- _EXERCISE_: Show me every line in the listing that has the word "Stock".

- _RECORDED INFORMATION_:
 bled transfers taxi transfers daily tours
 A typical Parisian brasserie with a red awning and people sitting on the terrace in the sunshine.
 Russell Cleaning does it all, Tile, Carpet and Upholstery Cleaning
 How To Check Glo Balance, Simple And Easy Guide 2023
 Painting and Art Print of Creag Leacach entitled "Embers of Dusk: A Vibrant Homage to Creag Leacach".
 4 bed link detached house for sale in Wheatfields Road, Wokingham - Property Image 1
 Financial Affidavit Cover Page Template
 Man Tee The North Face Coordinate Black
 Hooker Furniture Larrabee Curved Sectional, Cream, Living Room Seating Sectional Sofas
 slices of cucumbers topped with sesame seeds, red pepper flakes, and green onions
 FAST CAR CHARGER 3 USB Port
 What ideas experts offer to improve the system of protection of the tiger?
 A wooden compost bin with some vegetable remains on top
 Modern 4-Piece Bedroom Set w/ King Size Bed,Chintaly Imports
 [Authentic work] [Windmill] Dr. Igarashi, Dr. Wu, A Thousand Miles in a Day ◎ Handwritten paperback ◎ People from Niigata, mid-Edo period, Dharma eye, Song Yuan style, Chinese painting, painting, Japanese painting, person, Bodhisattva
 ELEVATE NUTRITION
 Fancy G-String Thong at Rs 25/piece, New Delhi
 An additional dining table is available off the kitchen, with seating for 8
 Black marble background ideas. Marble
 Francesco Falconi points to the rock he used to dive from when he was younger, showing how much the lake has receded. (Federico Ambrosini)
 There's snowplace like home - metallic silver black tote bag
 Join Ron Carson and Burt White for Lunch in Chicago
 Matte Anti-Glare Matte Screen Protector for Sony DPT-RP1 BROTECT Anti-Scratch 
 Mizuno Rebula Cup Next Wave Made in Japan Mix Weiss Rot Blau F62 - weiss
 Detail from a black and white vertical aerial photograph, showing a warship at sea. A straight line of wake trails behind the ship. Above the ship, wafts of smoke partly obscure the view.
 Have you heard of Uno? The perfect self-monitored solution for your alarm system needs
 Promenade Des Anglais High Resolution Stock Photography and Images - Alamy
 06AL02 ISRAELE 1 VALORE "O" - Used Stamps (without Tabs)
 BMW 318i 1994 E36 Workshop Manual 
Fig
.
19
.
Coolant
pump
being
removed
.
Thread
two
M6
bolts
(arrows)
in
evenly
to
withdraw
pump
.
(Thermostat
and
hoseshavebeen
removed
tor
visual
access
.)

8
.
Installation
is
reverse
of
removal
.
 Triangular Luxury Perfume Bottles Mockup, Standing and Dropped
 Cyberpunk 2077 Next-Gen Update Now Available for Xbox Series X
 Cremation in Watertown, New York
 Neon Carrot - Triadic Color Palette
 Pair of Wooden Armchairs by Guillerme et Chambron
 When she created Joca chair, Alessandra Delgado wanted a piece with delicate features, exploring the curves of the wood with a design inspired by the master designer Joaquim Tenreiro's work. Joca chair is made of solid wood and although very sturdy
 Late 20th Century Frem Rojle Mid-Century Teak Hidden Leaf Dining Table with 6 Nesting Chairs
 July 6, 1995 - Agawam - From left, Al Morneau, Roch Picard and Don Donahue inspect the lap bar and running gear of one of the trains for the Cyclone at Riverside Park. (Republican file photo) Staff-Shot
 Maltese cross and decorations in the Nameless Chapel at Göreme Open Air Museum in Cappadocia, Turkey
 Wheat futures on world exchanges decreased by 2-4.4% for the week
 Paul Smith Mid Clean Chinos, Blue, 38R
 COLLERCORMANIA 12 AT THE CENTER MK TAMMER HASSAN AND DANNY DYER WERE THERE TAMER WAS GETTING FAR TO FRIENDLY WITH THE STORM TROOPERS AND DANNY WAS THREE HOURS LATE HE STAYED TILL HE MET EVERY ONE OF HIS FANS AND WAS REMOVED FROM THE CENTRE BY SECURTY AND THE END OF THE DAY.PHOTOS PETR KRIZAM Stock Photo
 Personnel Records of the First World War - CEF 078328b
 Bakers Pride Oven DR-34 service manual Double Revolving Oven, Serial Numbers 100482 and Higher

- _ANSWER TO THE PROBLEM_:
 Promenade Des Anglais High Resolution Stock Photography and Images - Alamy
 COLLERCORMANIA 12 AT THE CENTER MK TAMMER HASSAN AND DANNY DYER WERE THERE TAMER WAS GETTING FAR TO FRIENDLY WITH THE STORM TROOPERS AND DANNY WAS THREE HOURS LATE HE STAYED TILL HE MET EVERY ONE OF HIS FANS AND WAS REMOVED FROM THE CENTRE BY SECURTY AND THE END OF THE DAY.PHOTOS PETR KRIZAM Stock Photo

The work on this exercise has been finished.